If you use TypeScript, you may have noticed that code is type any by default, which is usually a no-no. This probably isn't an issue, because the way MDX works should ensure that whatever ends up getting parsed as children.props.children will be a string. But if you're concerned, you can feel free to add some type guards, to be safe.

Getting the Language from MDX

Just like with the code, we also need to get the code's language from our MDX blog post, and pass it to <Highlight />.

As a reminder, here's our MDX code:

```javascript
console.log('Hello, world!');
```
markdown

And the rendered html:

<pre>
<code class="language-javascript">
console.log('Hello, world!');
</code>
</pre>
html

As you can see, whatever language is specified after the triple backticks gets added to the <code /> element's className, as class="language-<language>". So to parse the language, we'll just need to use some regular expressions:

const className = children.props.className || 'language-markdown';
const match = className.match(/language-(?<language>.*)/);
const language = match?.groups?.language;
js

Be careful: unlike code, here we need to be more careful about empty values. If no language is specified in the MDX, the <code>'s className will be undefined, and trying to call match() on it will produce a TypeError. I've opted to fall back to 'language-markdown', to ensure that a valid language will be passed to <Highlight />, even if one isn't provided.
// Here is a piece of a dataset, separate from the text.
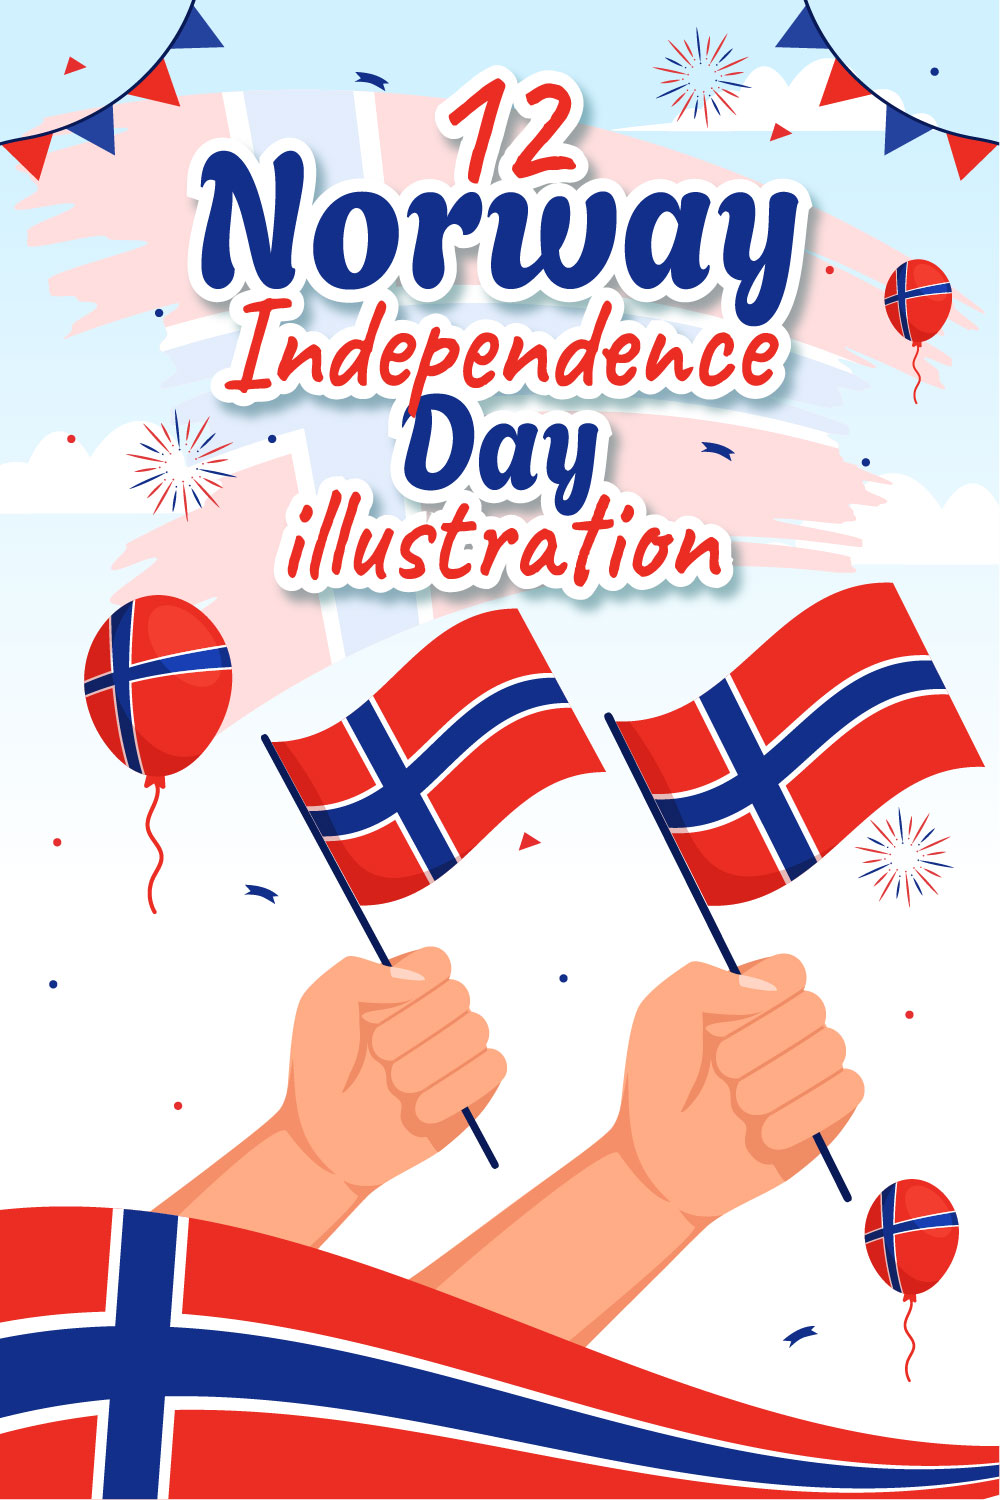 12 Norway Independence Day Illustration pinterest preview image.

Now that we have a language, all that's left is to pass it to <Highlight />:

return (
<Highlight
{...defaultProps}
code={code}
language={language}>
)
jsx

The Final <CodeBlock /> Component

Putting it all together, our shiny new <CodeBlock /> component looks like this:

import React from 'react';
import Highlight, { defaultProps } from 'prism-react-renderer';
export const CodeBlock = ({ children }) => {
const code = children.props.children.trim();
const className = children.props.className || 'language-markdown';
const match = className.match(/language-(?<lang>.*)/);
const language = match?.groups?.lang;
return (
<Highlight {...defaultProps} code={code} language={language}>
{({ className, style, tokens, getLineProps, getTokenProps }) => (
<pre className={className} style={style}>
{tokens.map((line, i) => (
<div {...getLineProps({ line, key: i })}>
{line.map((token, key) => (
<span {...getTokenProps({ token, key })} />
))}
</div>
))}
</pre>
)}
</Highlight>
);
};
jsx

Customization

There are a lot of ways that you could customize your new syntax-highlighted code blocks. Most of them (like adding line-numbers or diff highlighting) involve getting into the nitty-gritty of <Highlight />'s render function. That would really deserve its own post, and I won't get into that here. But we can look at one really easy way of customizing our code blocks: themes.

Theme Customization

If you've followed the tutorial this far, you'll have noticed that your syntax-highlighted code blocks already have a color theme. This is because a default theme is included in {...defaultProps}, so the component can work out of the box, without the need to specify a theme. But you can optionally pick a different color theme if you want to customize your code blocks.

prism-react-renderer provides a variety of available themes, which can be imported in your component, and passed to <Highlight> as theme:

import vsDark from 'prism-react-renderer/themes/vsDark';
// ...
<Highlight theme={vsDark}>
jsx

But you're not just limited to the built-in themes. Because prism-react-renderer uses Prism behind the scenes, you could also add a custom Prism CSS file for your theme. There a bunch of great Prism themes available, so take a look if you're interested!

To add a custom Prism theme, you'll need to copy the CSS and include it somewhere in your project. You'll also need to pass theme={undefined} to <Highlight />, to tell <Highlight /> not to use the defualt theme.

If you're curious, this blog uses a custom theme that I created with the help of the default Tailwind CSS color scheme, with all the colors selected to have a high enough contrast to be accessible.

Conclusion

And there you have it! You've successfully added some awesome syntax-highlighting to your code blocks!